Image Missing

The palace of Emesa, like that of Minos, was a maze. Of course, the Emesene priest-kings had had over three centuries to add architectural complexity. There had been a Sampsigeramus waiting all those years earlier when Pompey the Great had first led Roman arms into Syria.

Even if they had just been given instructions, it would be doubtful if Ballista, Castricius and Jucundus would have found their way to this secluded courtyard on their own. The morning after the failed raid, this had not been put to the test. Summoned in haste, they had arrived at the main gate and had been taken in charge by no less than sixteen of the Emesene royal guard. As Jucundus had muttered, the odds were worse than five to one.
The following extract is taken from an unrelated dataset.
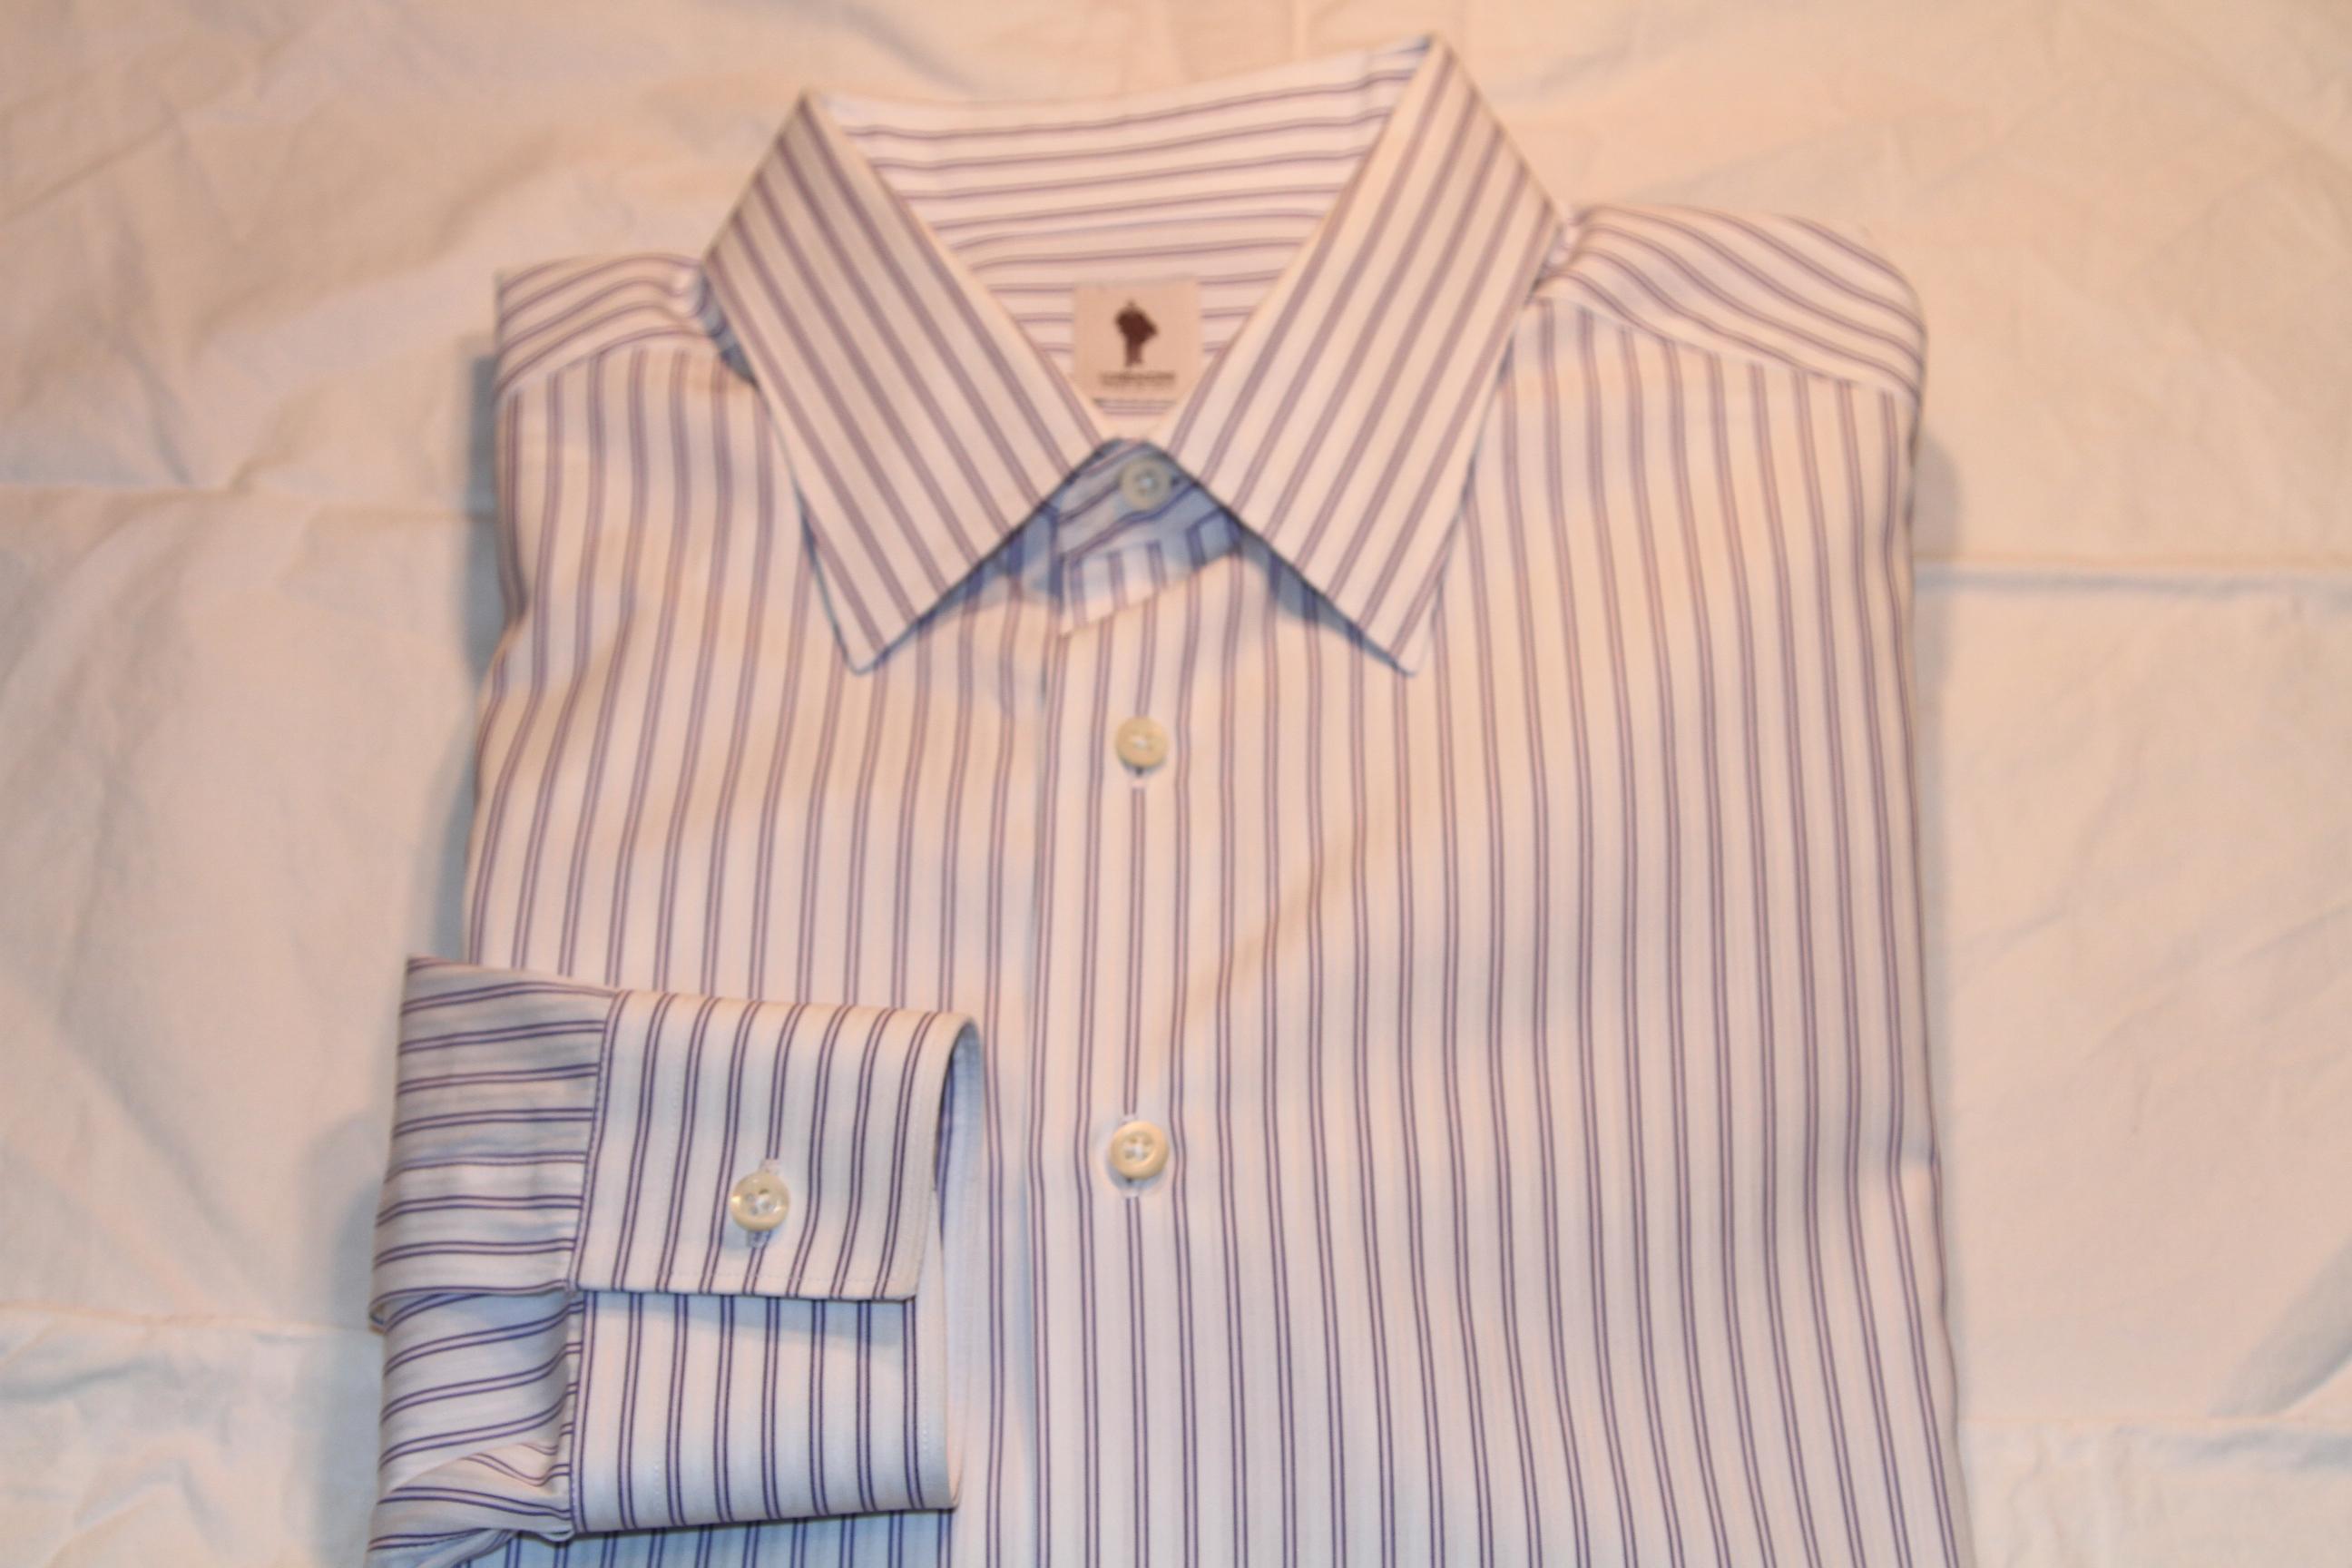 #21 - Lorenzini 41/16 White with Purple Stripe

Since the time of the first emperor, the Praetorians had been among the few who were allowed to be armed in the imperial presence. The more recent post of Prefect of Cavalry was one of the others. None of this held any longer at the court of Quietus. The Emesene guards had brusquely disarmed and thoroughly searched Ballista and the other two. Their weapons and armour were piled negligently against the wall. The easterners, uncaring of their wounded foreign dignitas, had hustled them like condemned prisoners through the myriad corridors of the palace.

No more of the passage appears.